BY Martin Pesch in Reviews | 03 MAR 98
Featured in
Issue 39

mitteln. raum vor ort

M
BY Martin Pesch in Reviews | 03 MAR 98

It seems obligatory these days to look at an exhibition's Web page before visiting the show. But often it doesn't make you very enthusiastic about going. In most cases all you see is a copy of the same publicity that the good old post office delivers to your home on old-fashioned paper: ideas, the artists' names, a few biographical details, some images. This is particularly disappointing for a group exhibition that appears to be about mediating art. And because 'mitteln. raum vor ort' (mediating. space before place) is specifically about the spaces in which art takes place, this is as a wasted opportunity to establish the Internet as a new kind of space for art.

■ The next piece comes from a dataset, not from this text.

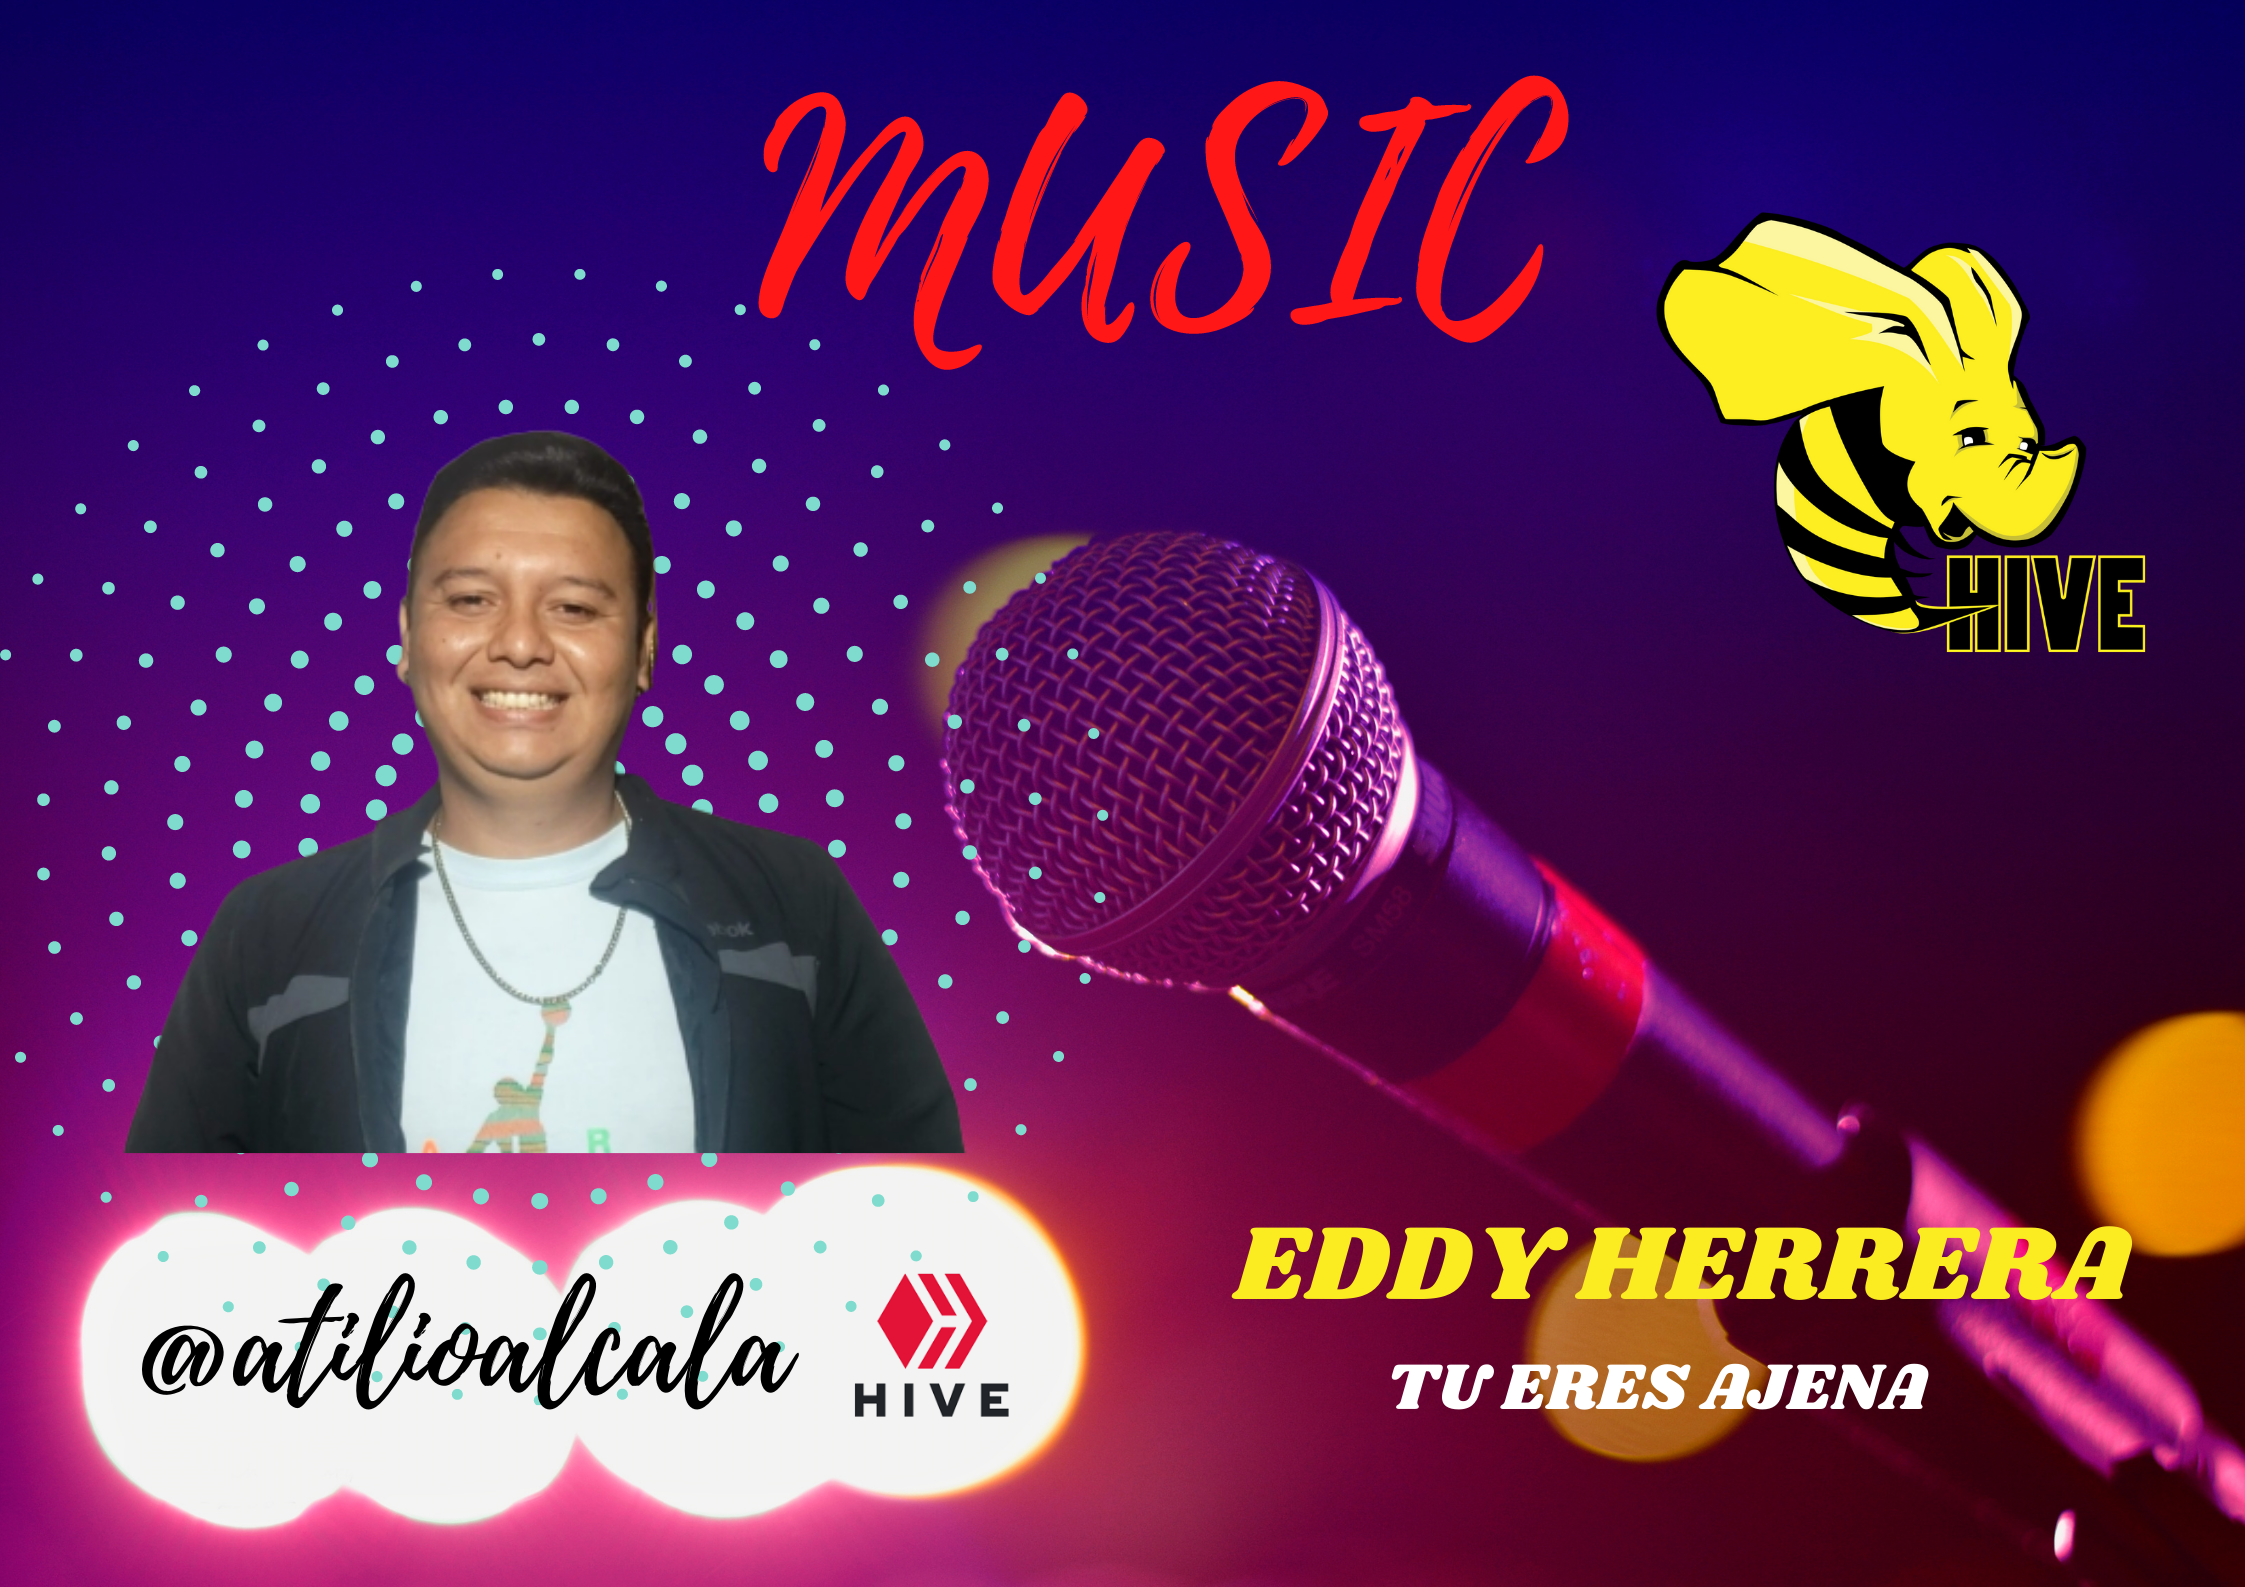 EDDY HERRERA.png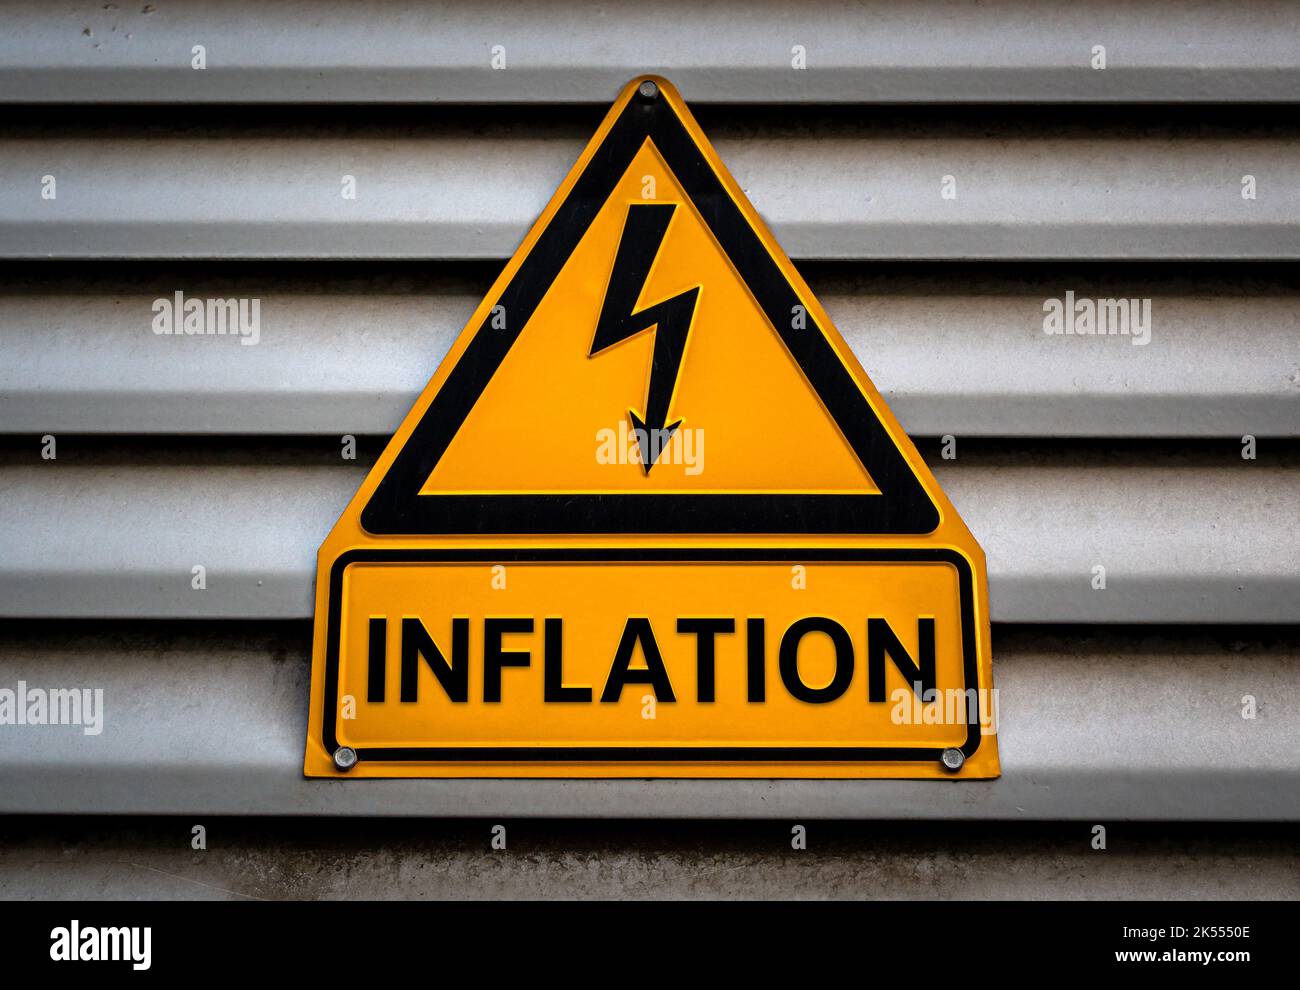 Inflation - warning sign Stock Photo

Nevertheless 'mitteln...' is an ambitious project and its origins are anything but uninteresting. The exhibition was devised as a joint project by the Kunstverein and the art history department of Bonn University. The two institutions have always had close ties, the university students working as trainees in the Kunstverein and its Artothek, an art lending library.

Just over a year ago the university set up a seminar aimed at devising an exhibition on a predetermined theme. A condition for financial support from Nordrhein-Westfalen was that young artists must be included. The trainee art historians visited exhibitions with similar themes, went to trade fairs and studios, and finally decided on 13 artists. Each participant was assisted by a student, and they worked on contributions for the Kunstverein together.

The exhibition concept emphasises the distinction between space and place. Thus some of the artists (Marc Mer, Tomoko Mukai) addressed space as a three-dimensional challenge issued by the Kunstverein building - the low vestibule and hugely spacious hall are not easy to handle. But for the majority of the participants (Thomas Klegin, Norbert Kottmann, Christiane Post, Dirk and Maik Lobbert) the key issue was analysing the Kunstverein's history and institutional character.

The idea of critiquing institutions is now fairly long in the tooth, but faced with the interdependence of art associations, juries, curators etc., ironic gestures are about all that can be made. Thus Dellbruegge & de Moll changed the inscription over the entrance to: 'We are working on the periphery' (all works 1997). This new inscription suggests that art associations are still central to bourgeois art history despite the financial and cultural abyss that yawns beneath them. Colourful knitted caps with 'Periphery' embroidered on them are also part of this work. You can wear these for your walk around the exhibition, and thus the caps become thinking spaces. This is a fine allegory for re-investing common profit in individual progress.

Andrea Knobloch and Coop von Osten offered almost traditional 'context art'. For her work Yes, we're open Knobloch built a replica of the Kunstverein's substantial box-office, in which tickets and catalogues are sold, and shifted it a few metres back towards the centre of the exhibition hall. The original box-office is now closed and stands abandoned, like the gatehouse of a closed-down factory. Coop von Osten, in Mind Expander, took a close look at the ideology of Haus-Rucker-Co, who converted a former flower-hall to house the Bonn Kunstverein. In the 70s this team of Viennese architects were still aiming to improve life through architecture, and supplied rules and regulations for the spaces they designed. Von Osten follows their instructions in a video, showing, for example, how women are supposed to sit in order to become better people. The artist hung texts linking this authoritarian gesture in the garb of a social utopia with up-to-date phenomena such as the current 'Fit for fun' health promotion campaign, which embodies similar regulations.

Two other works remain in the memory. In Mit Messern (With Knives), Ulrike Kessl hung loops of yarn, reaching down to about one metre above the floor, from the high ceiling of the rear exhibition space, into which she inserted table-knives, placed above and next to each other to produce an angular spiral floating in the space. At the entrance was Hee Seon Kim's self-effacing work Jeden Tag (Every Day). Using a slide projection, she blurred the entrance and exit areas, reflecting views and undermining a secure sense of location by tilting the projected photographs of the space according to the rotation of the earth. She handles the given architectural situation consummately, detaching the space from the place under whose weight most of the works are groaning.